Sign up and create an API key

An API key authenticates your machine to W&B. You can generate an API key from your user profile.
For a more streamlined approach, create an API key by going directly to User Settings. Copy the newly created API key immediately and save it in a secure location such as a password manager.
  1. Click your user profile icon in the upper right corner.
  2. Select User Settings, then scroll to the API Keys section.

Install the wandb library and log in

To install the wandb library locally and log in:
  1. Set the WANDB_API_KEY environment variable to your API key.
    export WANDB_API_KEY=[YOUR-API-KEY]
    
  2. Install the wandb library and log in.
    pip install wandb
    
    wandb login
    

Log metrics

After installing and logging in, log metrics from your scikit-learn training code so you can compare runs in W&B.
import wandb

wandb.init(project="visualize-sklearn") as run:

  y_pred = clf.predict(X_test)
  accuracy = sklearn.metrics.accuracy_score(y_true, y_pred)

  # If logging metrics over time, then use run.log
  run.log({"accuracy": accuracy})

  # OR to log a final metric at the end of training you can also use run.summary
  run.summary["accuracy"] = accuracy

Make plots

In addition to logging metrics, you can generate diagnostic plots for your scikit-learn models and log them as part of a run.
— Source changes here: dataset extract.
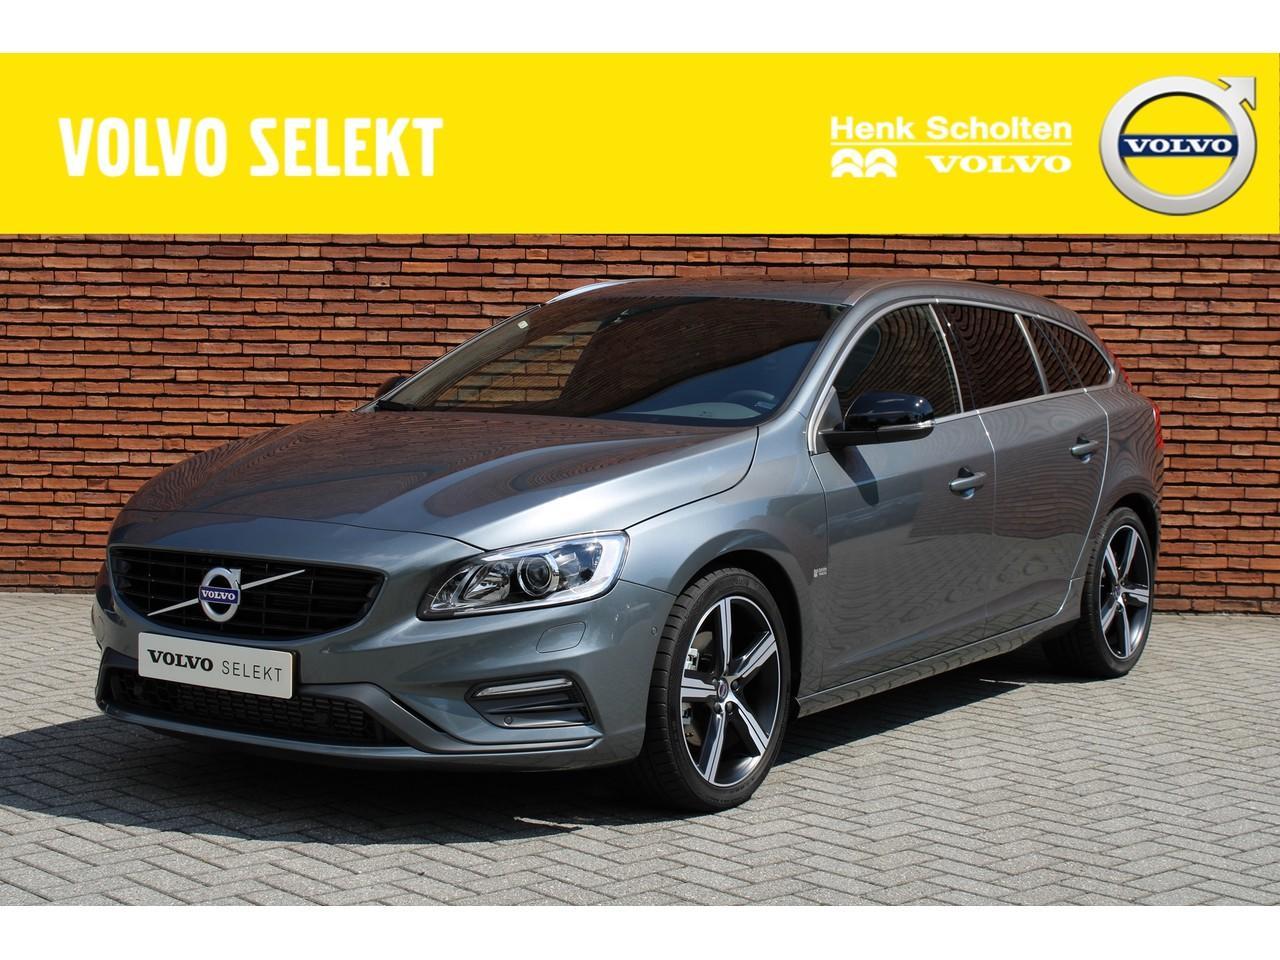 Volvo V60 D4 190pk geartronic business sport luxury scan.
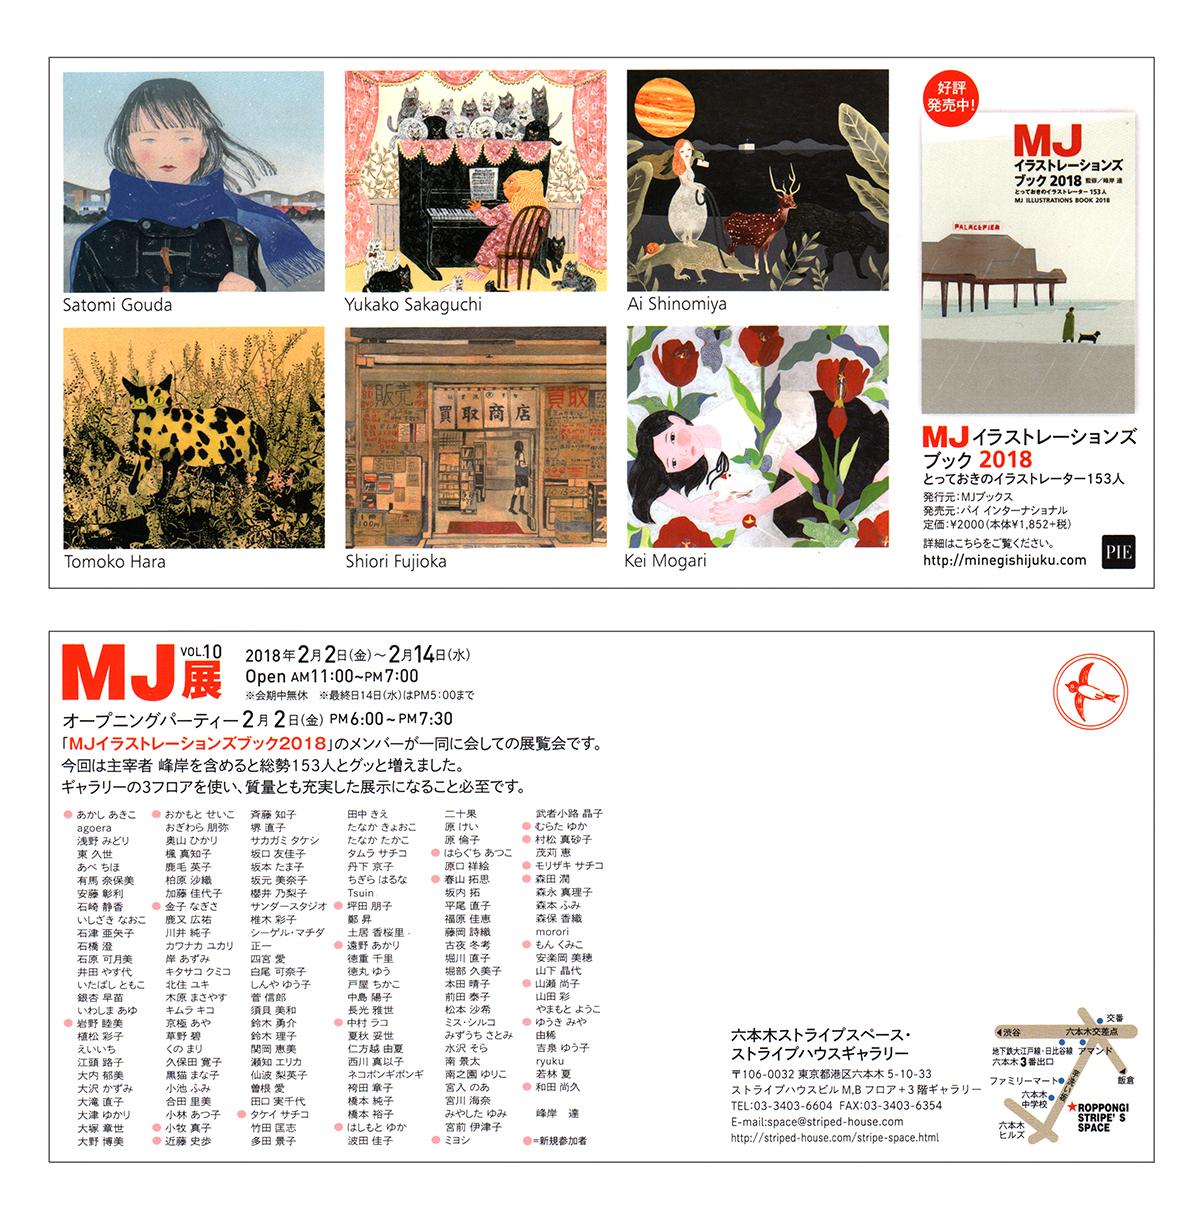 MJ展 vol.10 のお知らせ

The following steps initialize a run and then visualize either individual plots or a full set of plots for a given model type.

Import wandb and initialize a new run

import wandb

run = wandb.init(project="visualize-sklearn")

Visualize plots

The following sections describe how to visualize individual plots or all plots for a given model type.
Individual plots
After training a model and making predictions, you can generate plots in wandb to analyze your predictions. For more information about supported charts, see the Supported plots section.
# Visualize single plot
wandb.sklearn.plot_confusion_matrix(y_true, y_pred, labels)
All plots
W&B has functions such as plot_classifier that plot several relevant plots:
# Visualize all classifier plots
wandb.sklearn.plot_classifier(
    clf,
    X_train,
    X_test,
    y_train,
    y_test,
    y_pred,
    y_probas,
    labels,
    model_name="SVC",
    feature_names=None,
)

# All regression plots
wandb.sklearn.plot_regressor(reg, X_train, X_test, y_train, y_test, model_name="Ridge")

# All clustering plots
wandb.sklearn.plot_clusterer(
    kmeans, X_train, cluster_labels, labels=None, model_name="KMeans"
)

run.finish()

Existing Matplotlib plots

If you already create plots with Matplotlib, you can log them on the W&B dashboard alongside your scikit-learn plots. To do that, you must first install plotly.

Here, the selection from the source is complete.